Like legislative reforms, HB-7065 and SB-76, the rules and statutes on vexatious suits existed when one attorney filed more than 2,000 Notices of Intent to Litigate (NOILS) in just the last 3 months of 2021–that’s roughly 3 times as many suits than each of America’s 49 other states had… FOR AN ENTIRE YEAR!

While it fulfilled its’ specific charge, the Working Groups’ report didn’t even mention Assignment of Benefits (AOB) or roofer solicitations or fee splitting with unlicensed individuals or public adjuster fees, attorney advertising or a host of other issues at the heart of abusive property insurance practices.

Florida suffered 116,000 property suits in 2021, compared to the highest in any other state of only 900.  Some carriers reported close to 50% of their suits were on behalf of policyholders who had not yet filed a claim. Tweaking Bar rules that take months of committee review won’t do the trick—not when Florida, with only 8% of America’s property claims, has 80% of America’s property suits.

Note the irony.  Carriers go bankrupt because of “Vexatious” and “sham” litigation. Citizen’s policy count and thus its’ assessment burden is reaching an all-time high, due to “Vexatious” and “sham” litigation.  Meanwhile the Supreme Court Working Group on “Vexatious and Sham Litigation” renders a report that states: “The Workgroup notes that its foremost recommendation is education…and to develop education and other training tools.” (See Note #3 below)

The real lesson in this “Tale of Two Pities” may be how the advantage takers always seem to thwart the good work of Florida lawmakers.

When will it be time for lawmakers to finish the job once-and-for-all?

##end##

NOTE #1: at a prior board meeting Citizens, President Barry Gilway reported a policy count of 937,835 as of July 8. He revised the year-end policy count projections from 1.1million to 1.2 million saying “that is about a 300% increase in company size in less than three years.” He added that Citizens’ policy county could be 1.55 million the end of next year with a worst-case of 1.9 million obliterating the previous high of 1.5 million in 2011.

Florida’s residential private market is about 75% shutdown. July 1 numbers for Citizens show 92% of its policies were residential multi-peril. It maintains $318 billion in total exposure with $2.5 billion in premium.

NOTE #2: In its’ recent agents bulletin American Traditions announced it will pause new business “until further notice.”  American Integrity just announced further restrictions on DP-3 policies by writing only those five years or less in age for eight central Florida counties.  Coral Gables based Weston Property & Casualty became the fifth insurer declared insolvent this year with around 19,000 policies.  Others in 2022 are:

February 2022: St.

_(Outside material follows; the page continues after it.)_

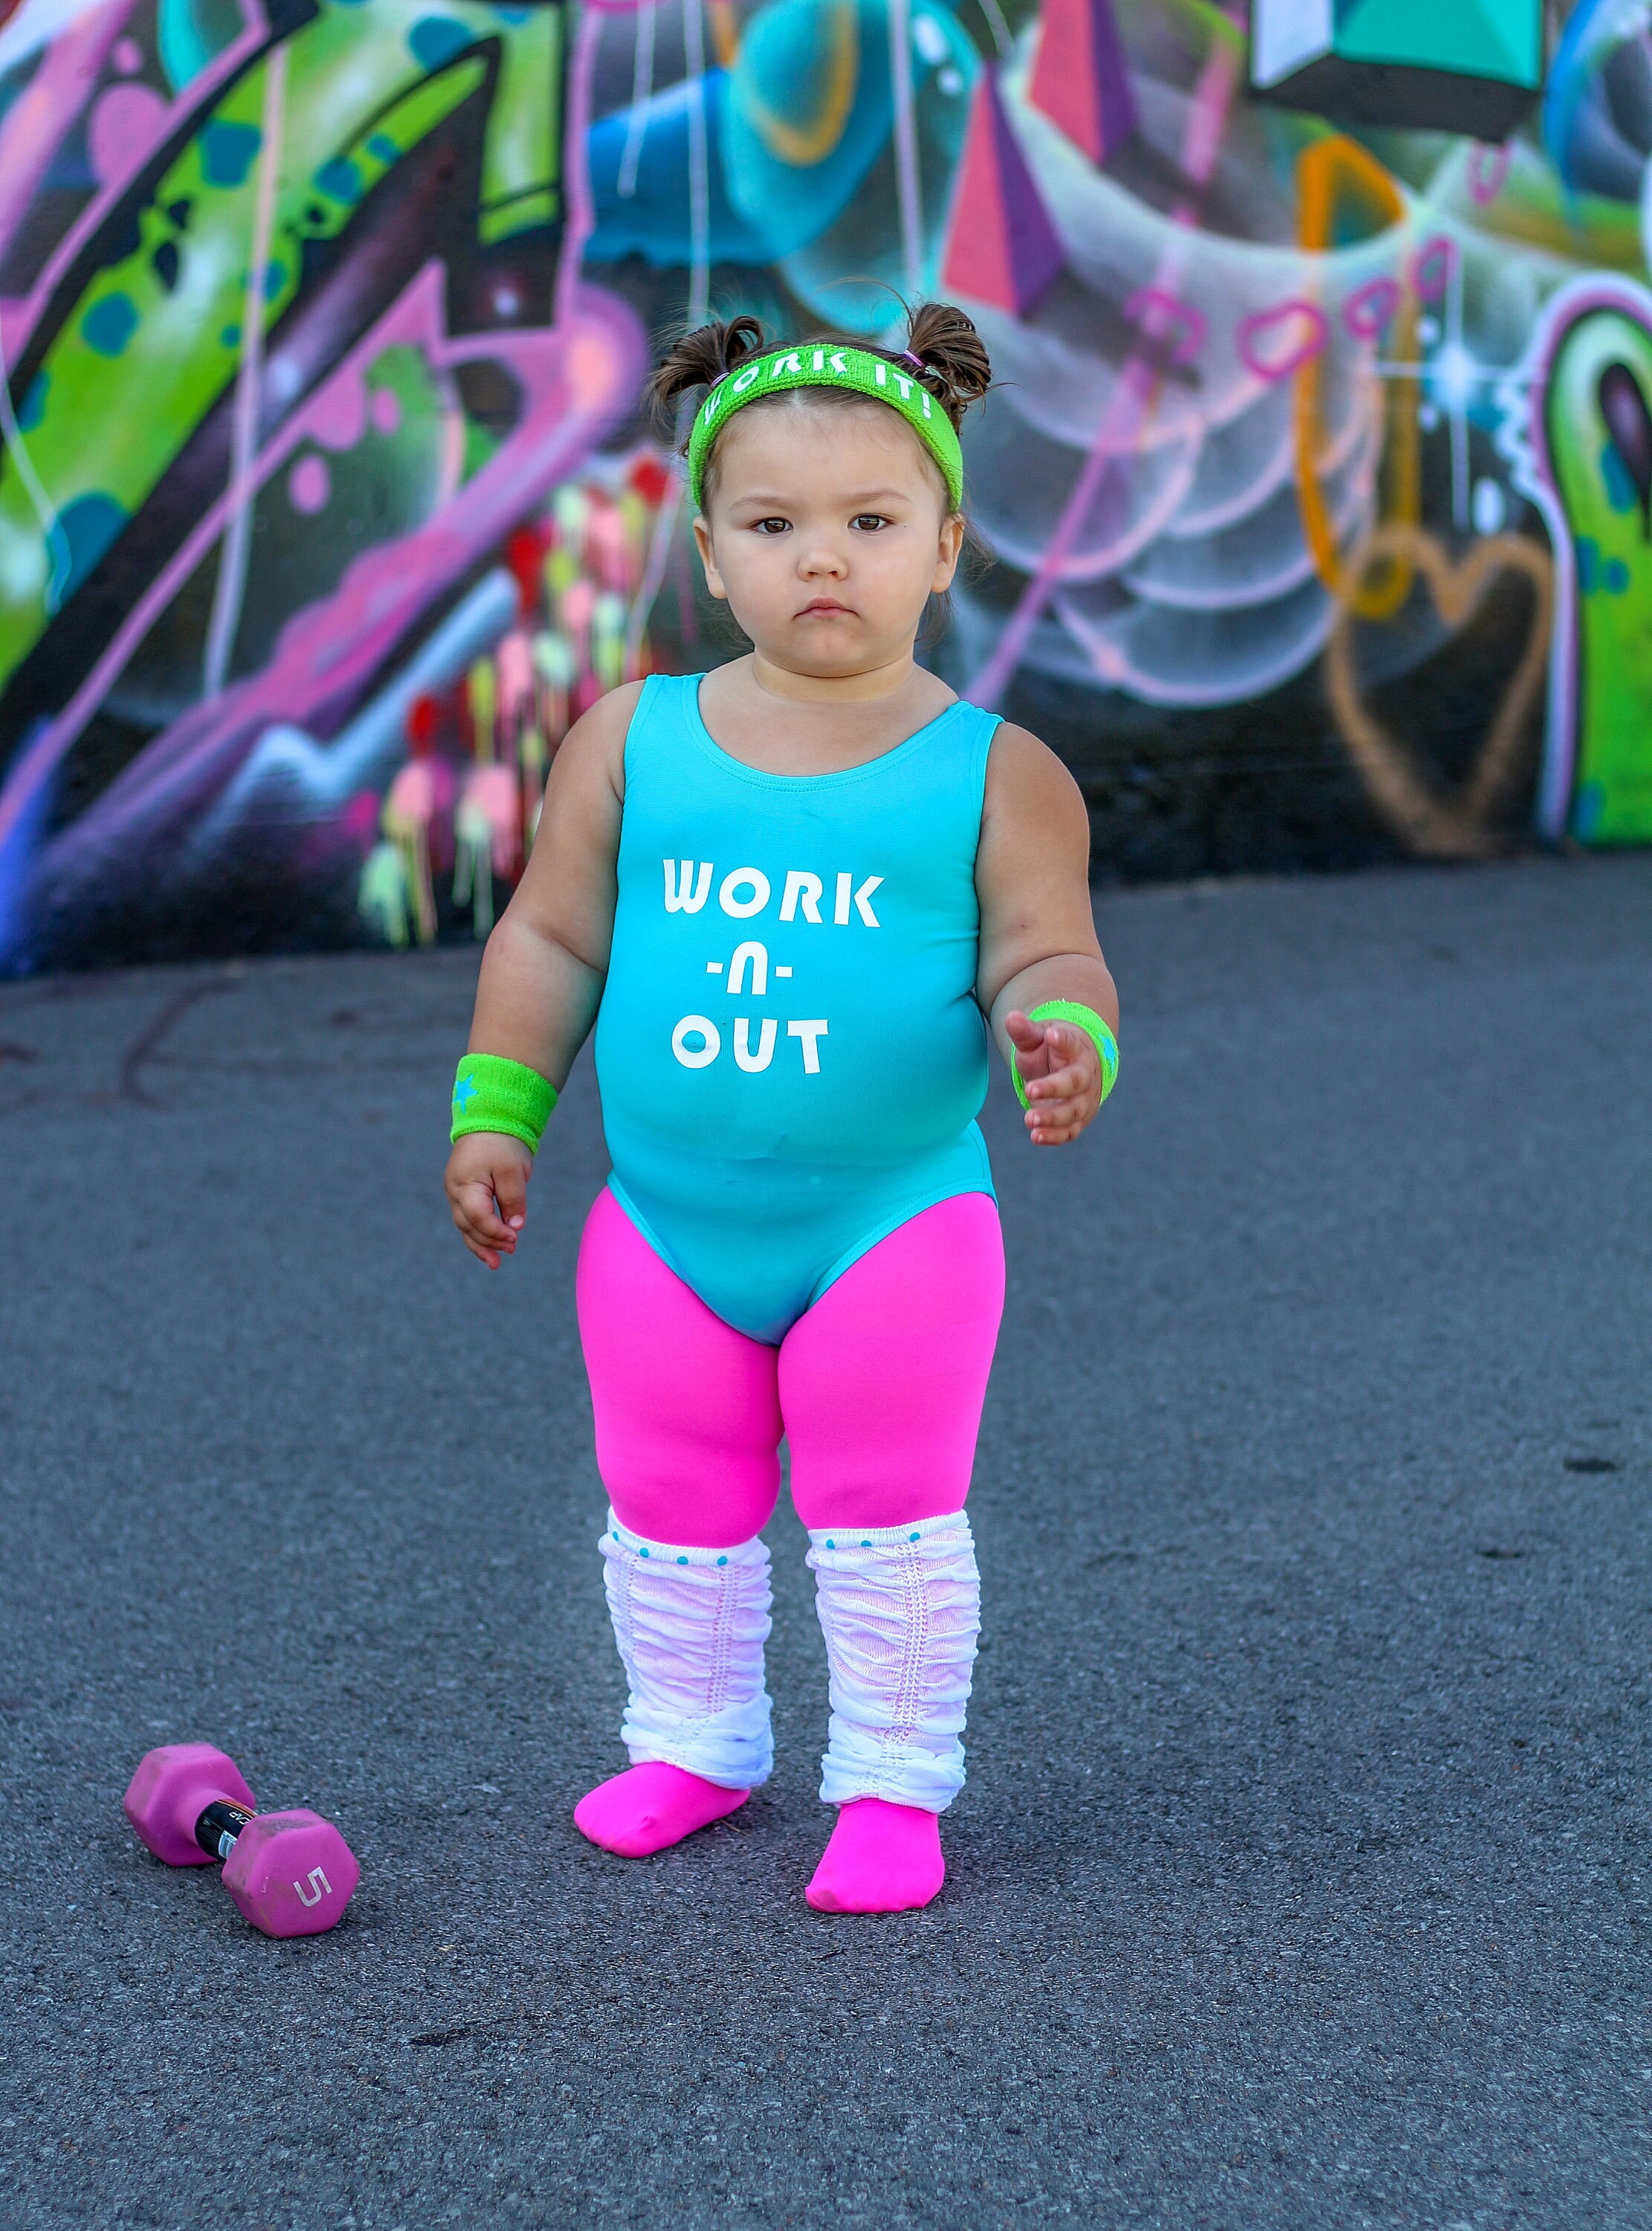 5 Day Baby 80s workout costume for Burn Fat fast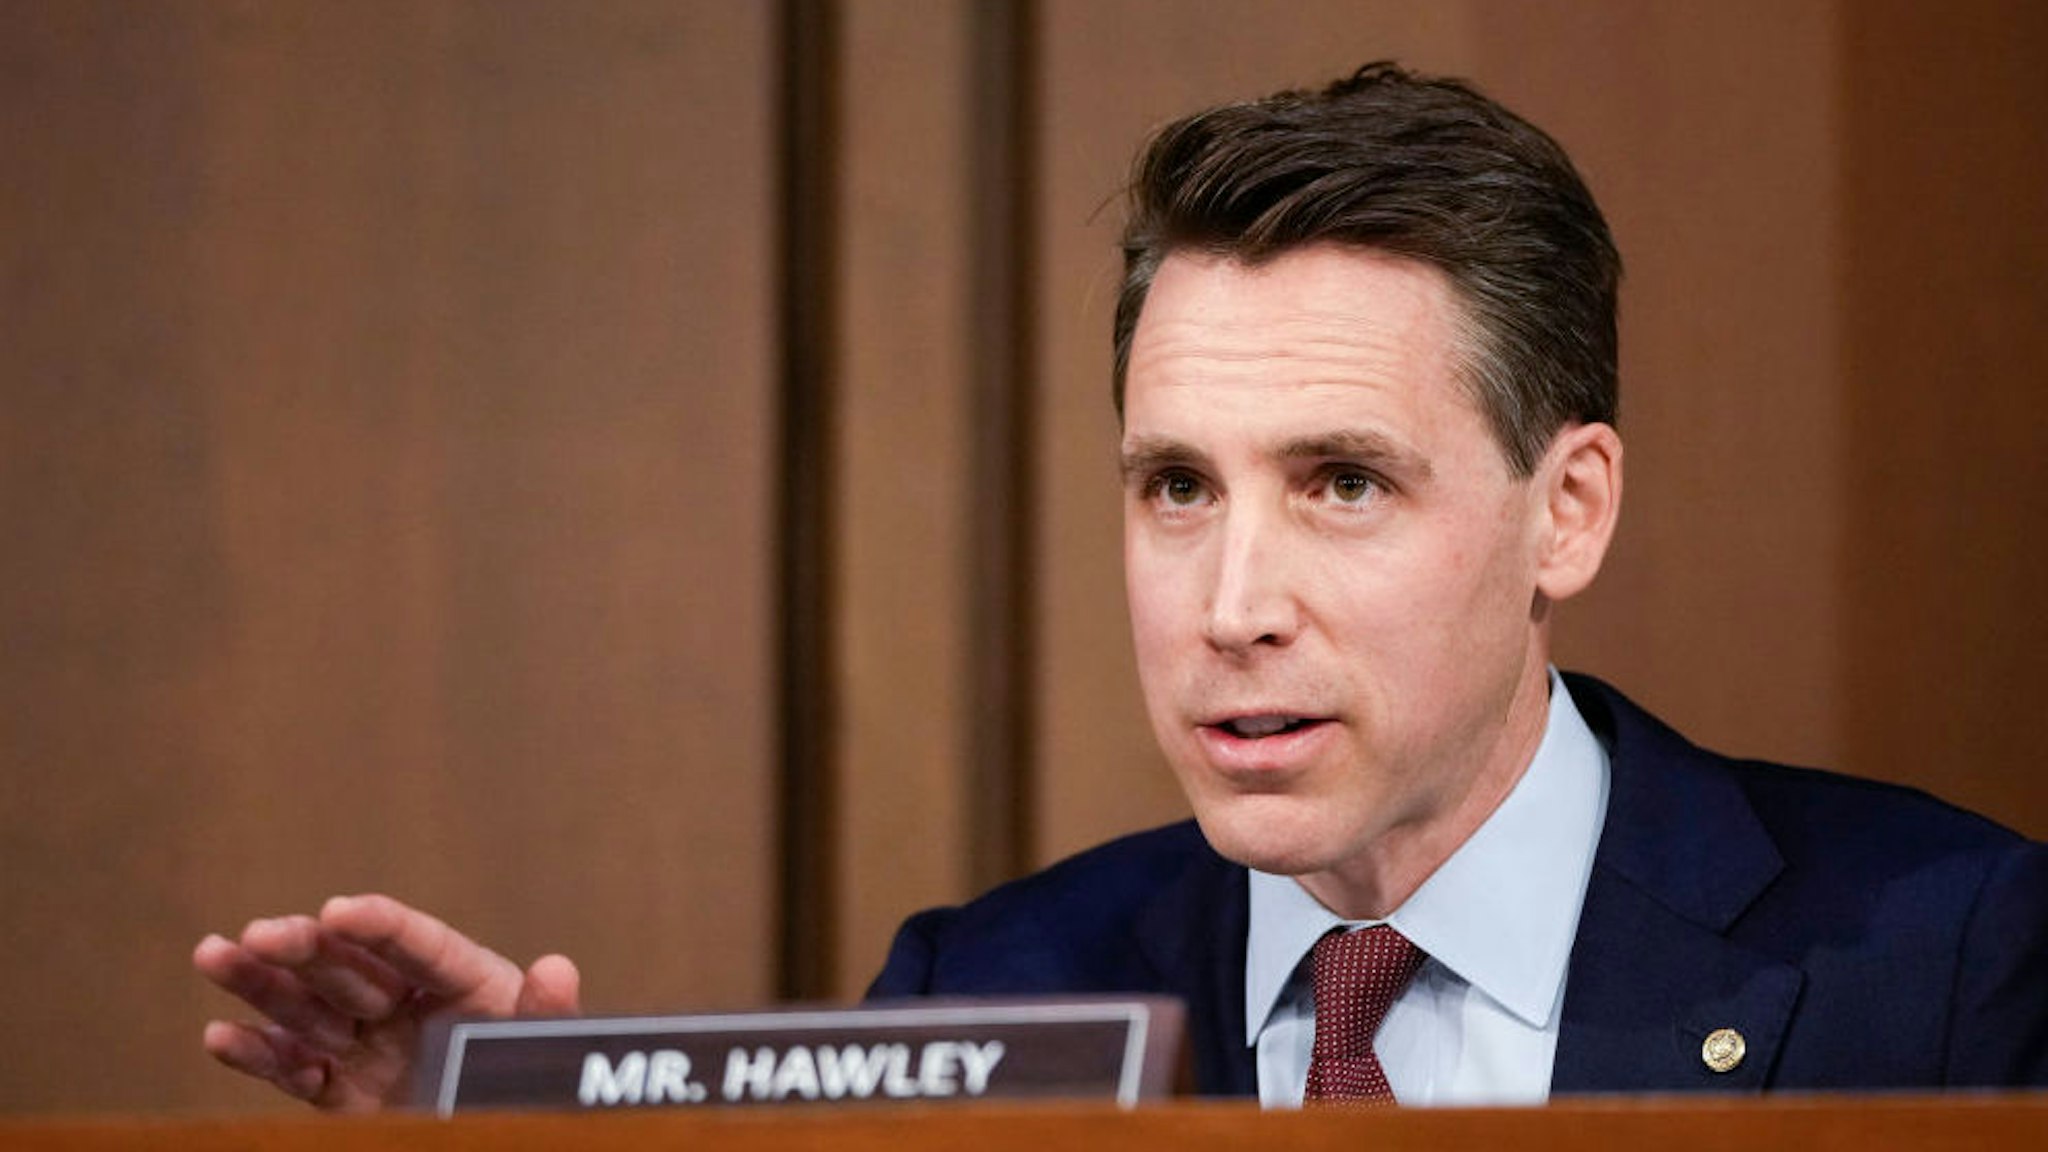 Sen. Josh Hawley (R-MO) delivers remarks during the Senate Judiciary Committee confirmation hearing for U.S. Supreme Court nominee Judge Ketanji Brown Jackson in the Hart Senate Office Building on Capitol Hill March 21, 2022 in Washington, DC.

Johns, 147,000 policies, assumed by Slide.

March 2022: Avatar, 40,000 policies.

May 2022: Lighthouse, a Louisiana domestic, 7,000 policies.

June 2022: Southern Fidelity, 78,000 policies

NOTE #3: The report included only 3 “Potential Statutory Amendments” as follows:

  1. The creation of a public records exemption for scandalous, sham, and other improper matter stricken from a filing under the rules of court procedure, if such matter would defame and harm a litigant or third party.
  2. Improvements to the Vexatious Litigant Law that would expand the provisions to address a wider population of vexatious litigants.
  3. Consolidation of the many statutes that address improper litigation in order to improve user awareness and ease of use and ensure more consistency.